Nine months- a summer, a spring and a winter ago- we took on a patch of earth. It was January, it’s Britain, the previous owners didn’t leave behind a massive amount of inspiration. The place looked cold and tired, like life in greyscale. Dreams of the good life in this patch of earth seemed distant. The willow tree is now full of leaf and life and shades our little shed. But in January, it stood stark against the slowly rotting pumpkins, plastic and weeds.
The soil was compacted. Weedkillers had been used. Before we had arrived there had been no plan.
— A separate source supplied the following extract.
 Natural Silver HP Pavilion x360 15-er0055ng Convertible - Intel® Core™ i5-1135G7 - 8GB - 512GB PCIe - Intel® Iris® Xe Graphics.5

I wanted to breathe life and beauty and productivity back into the earth. But some things you can’t rush- after being compacted and poisoned by sprays, soil takes time to heal. I spread barrow after barrow of leaf litter, cow muck from a friend’s farm and even hops that smelt of sweet beer onto the beds. Over the months it became one with the soil, and gave me a space I could sow into.
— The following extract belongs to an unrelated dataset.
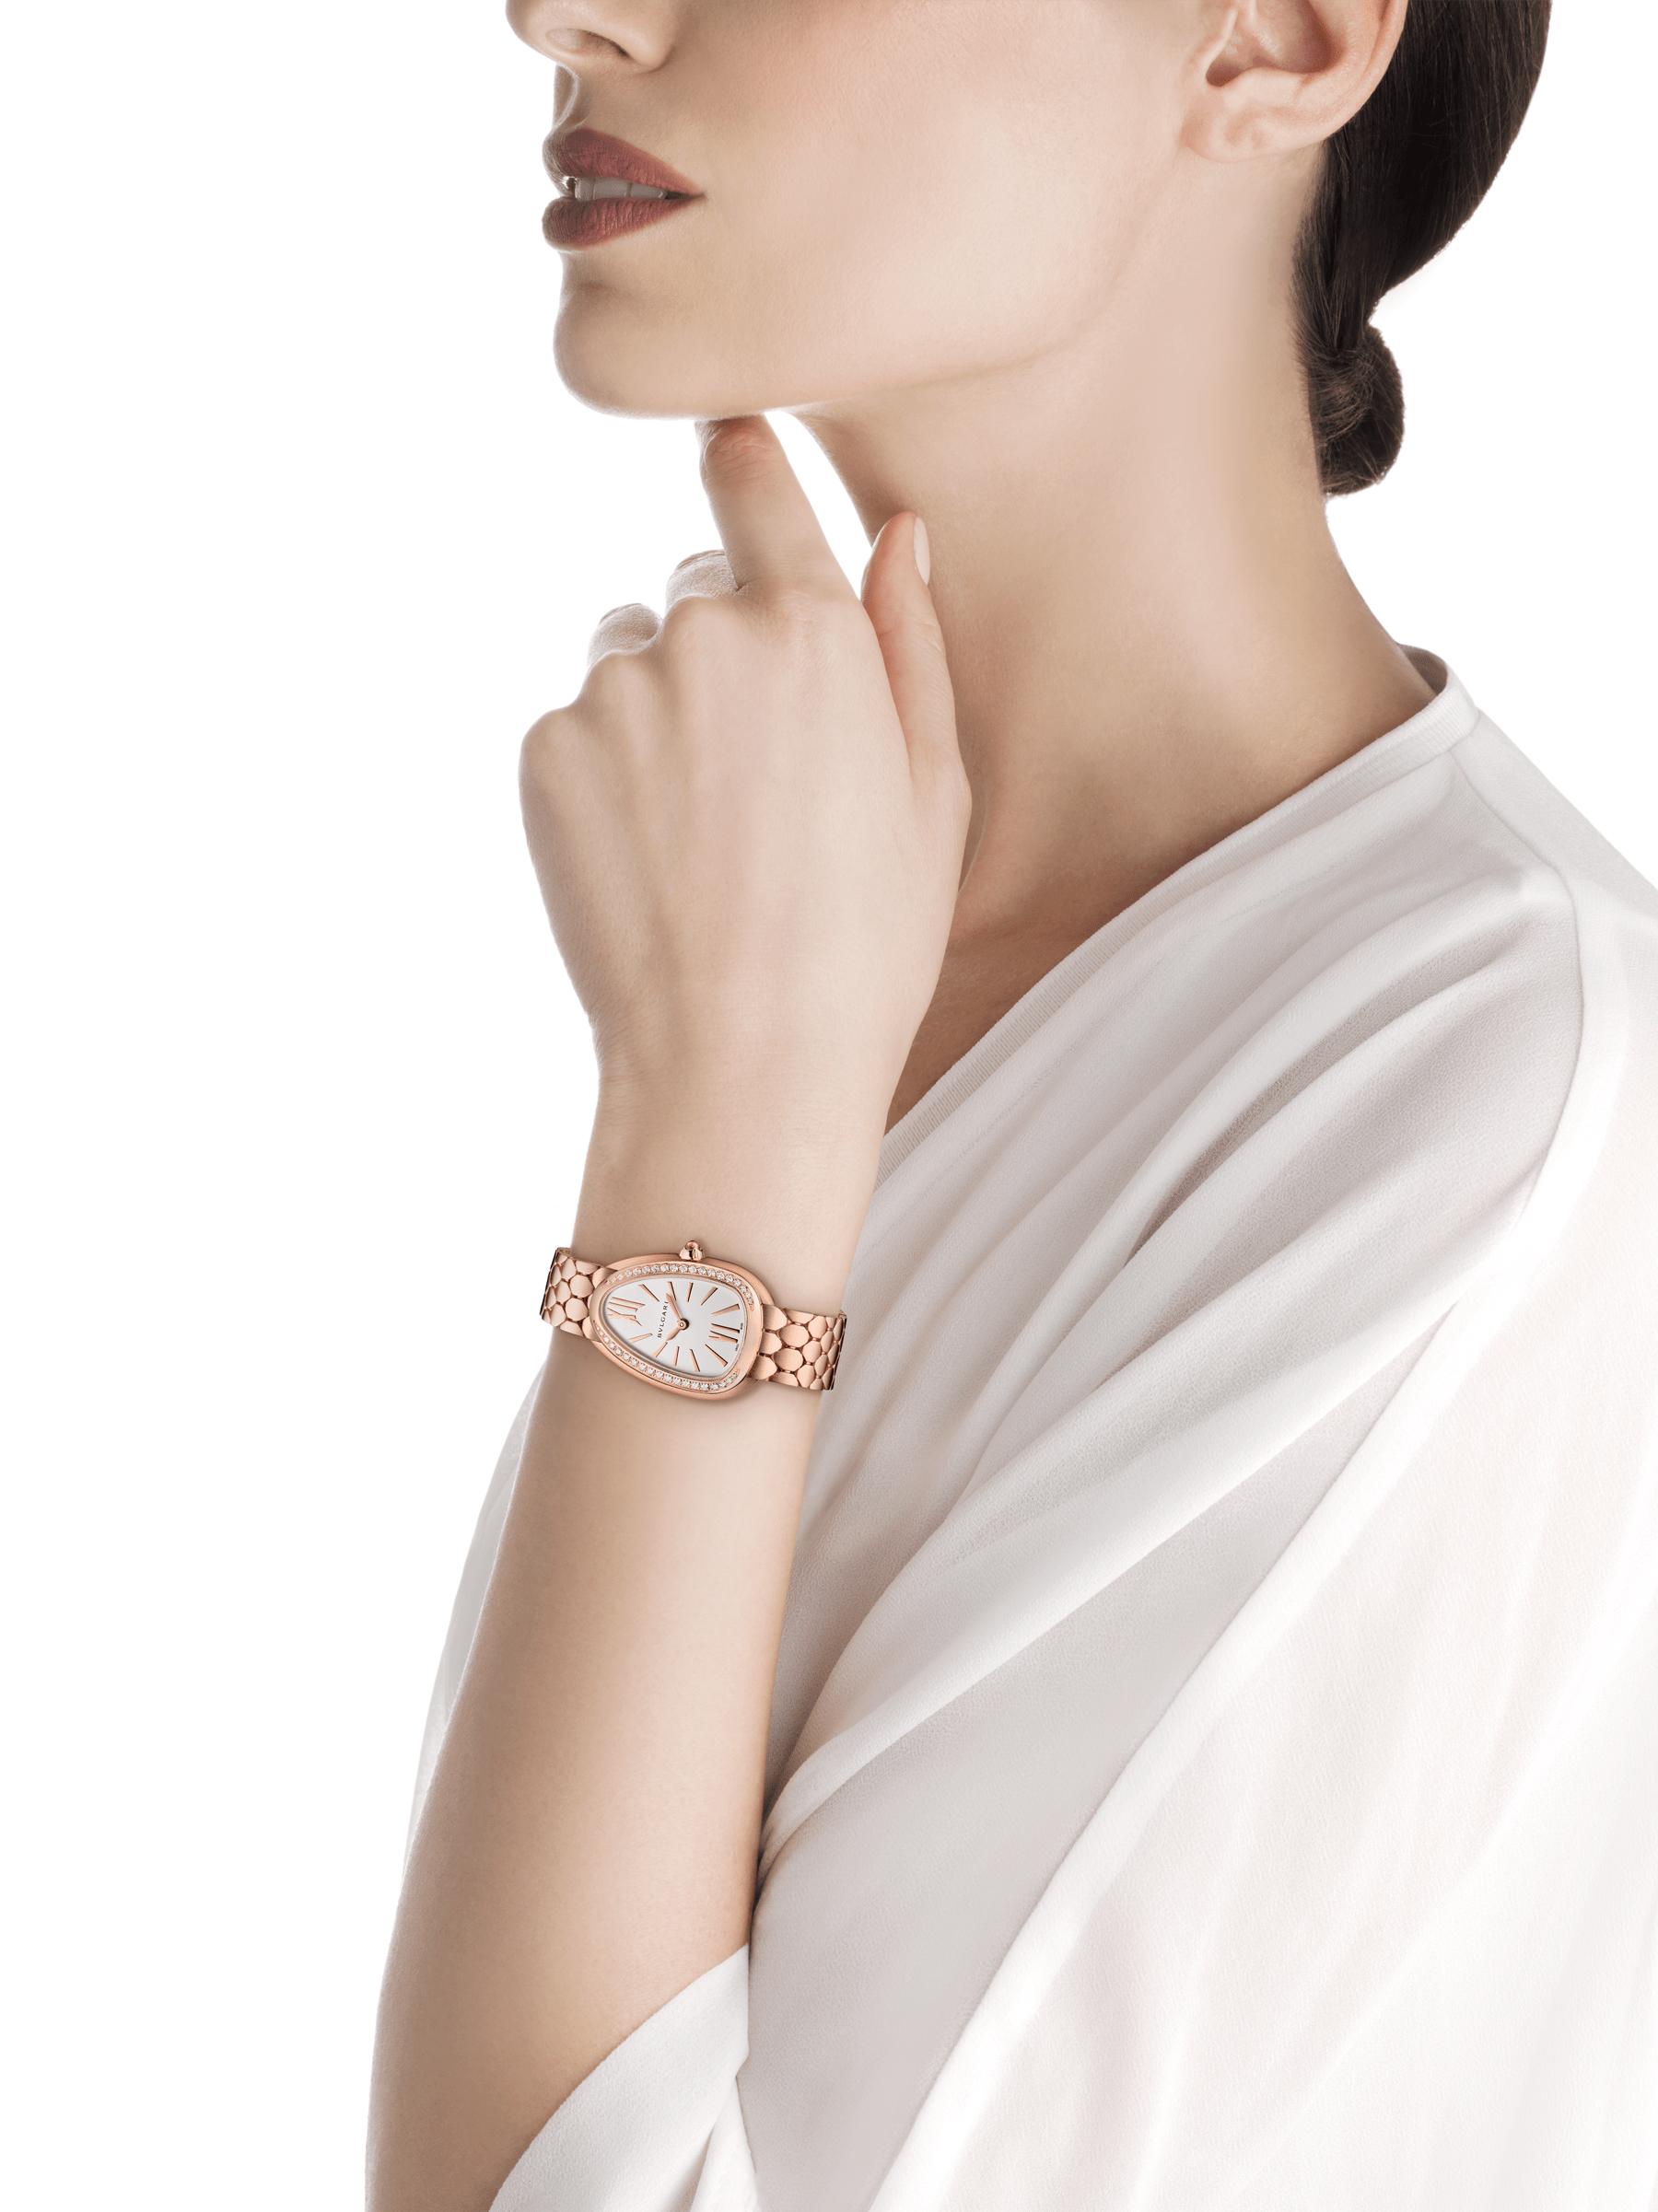 Serpenti Seduttori 腕錶,18K 玫瑰金錶殼和錶圈鑲飾鑽石,銀白色蛋白石錶盤,18K 玫瑰金髮絲紋錶帶。 103169 image 4

By the time it was mid spring, we had made the beds and the first of the crops were in. We knew were on the right path. We built the shed- four months of building- alongside shaping the plot, and suddenly we had a base, a centerpiece, of our plot.
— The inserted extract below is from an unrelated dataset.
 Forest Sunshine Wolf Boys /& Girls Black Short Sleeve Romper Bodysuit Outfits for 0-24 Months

As late spring rolled into midsummer, we stood back and looked at what we had done. Nine months ago here was a lifeless space, a space with no heart. Here, now, there is a plot with colour and life- and hopes of spring after the winter that’s sliding towards us.
When you are working with the earth, it’s never just physical. Don’t view gardening as a list of tasks. Planting, nurturing, eating is always much more than that.
It is the height of summer. The days are still and long, and after sunset, light lingers in the midnight sky.
At no other point in the year is there more energy for growth. After rainfall, the earth is warm and damp and it is perfect for life to thrive.
After a morning of rain, I visited the plot. Along the pathways, ryegrass hung heavy under the weight of a nights rain. In the salad bed, the reds and greens of the leaves stood stark against the black earth. Egg shells and coffee grounds lay on the ground in a vain (but non-toxic) attempt to deter the slugs.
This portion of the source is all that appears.